On March 28, City Council will vote on a series of changes to its ordinance governing rider behavior. The changes include redefining dockless mobility as “micro-mobility,” a broader term that would allow regulations to apply to future transportation modes; requiring micro-mobility users to obey the same rules of the road as drivers; and providing local law enforcement authority to issue citations to those violating the ordinance, per a draft presented by ATD at a March 18 meeting of the Urban Transportation Commission.
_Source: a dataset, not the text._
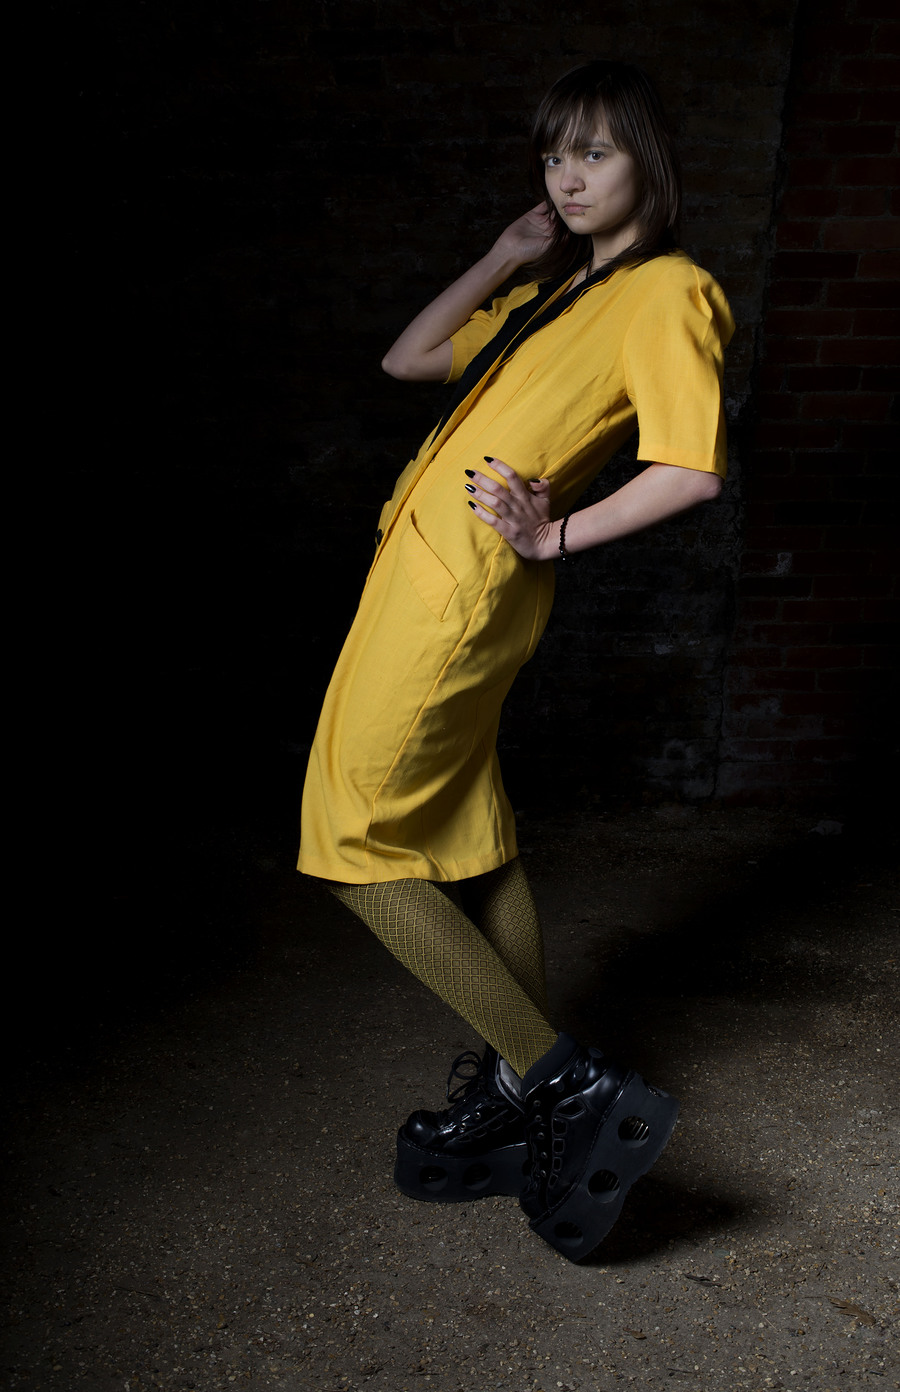 Yellow / Photography by Scott at Evergreen, Model Olga Koles / Uploaded 29th January 2015 @ 10:36 PM

Later this spring, ATD will present additional proposals to council, including a potential cap on the number of micro-mobility operators, similar to the city’s approach to pedicabs, and increased operation fees that would allow the city to recoup the costs of processing applications, inspecting fleets, responding to citizen service requests and investing in infrastructure. “What we see in public policy innovation is it tends to be an incremental process,” Goodin said. “It’s hard for public agencies ... to anticipate what could be coming and to set up a regulatory framework in advance.” Dockless mobility “is the biggest change to the transportation landscape in over 70 years,” Jason JonMichael, assistant director of smart mobility for ATD, told Community Impact Newspaper in January. But it is not likely the last. Representatives at Lime, Bird and Ojo Electric said they are working to improve their geofencing capabilities, which would allow them to restrict vehicles’ use to areas where they are allowed. “We’re striving for that technology,” said Matt Tolan, vice president of sales and partnerships at Ojo, which recently launched 100 seated electric commuter scooters in Austin. “We’re not there yet.”